Background: Accurate prediction of successful sphincter-preserving resection (SSPR) for low rectal cancer enables peer institutions to scrutinize their own performance and potentially avoid unnecessary permanent colostomy. The aim of this study is to evaluate the variation in SSPR and present the first artificial intelligence (AI) models to predict SSPR in low rectal cancer patients.

Study Design: This was a retrospective post hoc analysis of a multicenter, non-inferiority randomized clinical trial (LASRE, NCT01899547) conducted in 22 tertiary hospitals across China. A total of 604 patients who underwent neoadjuvant chemoradiotherapy (CRT) followed by radical resection of low rectal cancer were included as the study cohort, which was then split into a training set (67%) and a testing set (33%). The primary end point of this post hoc analysis was SSPR, which was defined as meeting all the following criteria: (1) sphincter-preserving resection; (2) complete or nearly complete TME, (3) a clear CRM (distance between margin and tumour of 1 mm or more), and (4) a clear DRM (distance between margin and tumour of 1 mm or more). Seven AI algorithms, namely, support vector machine (SVM), logistic regression (LR), extreme gradient boosting (XGB), light gradient boosting (LGB), decision tree classifier (DTC), random forest (RF) classifier, and multilayer perceptron (MLP), were employed to construct predictive models for SSPR. Evaluation of accuracy in the independent testing set included measures of discrimination, calibration, and clinical applicability.

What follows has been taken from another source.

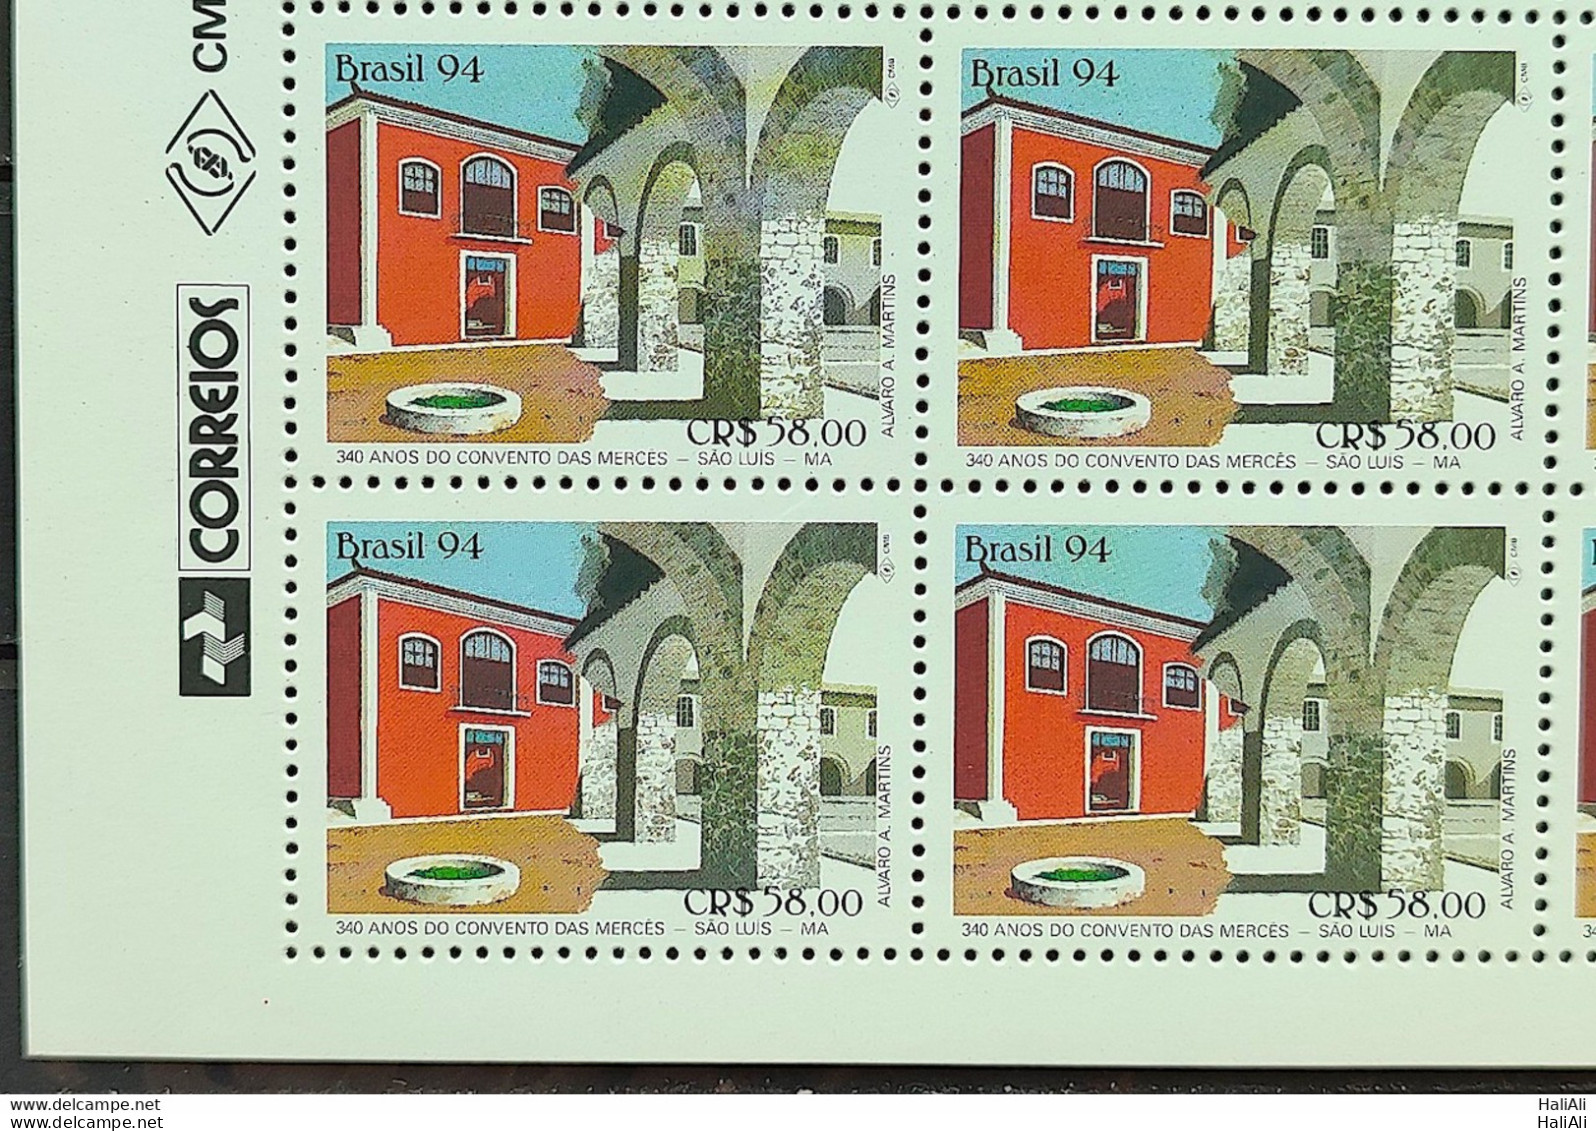 C 1881 Brazil Stamp Convent Of Mercês Religion Education 1994 Block Of 4 Vignette Correios - Nuevos

Results: The SSPR rate for the entire cohort was 71.9% (434/604 patients). Significant variation in the rate of SSPR, ranging from 37.7 to 94.4%, was observed among the hospitals. The optimal set of selected features included tumour distance from the anal verge before and after CRT, the occurrence of clinical T downstaging, post-CRT weight and clinical N stage measured by magnetic resonance imaging. The seven different AI algorithms were developed and applied to the independent testing set. The LR, LGB, MLP and XGB models showed excellent discrimination with area under the receiver operating characteristic (AUROC) values of 0.825, 0.819, 0.819 and 0.805, respectively. The DTC, RF and SVM models had acceptable discrimination with AUROC values of 0.797, 0.766 and 0.744, respectively. LR and LGB showed the best discrimination, and all seven AI models had superior overall net benefits within the range of 0.3-0.8 threshold probabilities. Finally, we developed an online calculator based on the LGB model to facilitate clinical use.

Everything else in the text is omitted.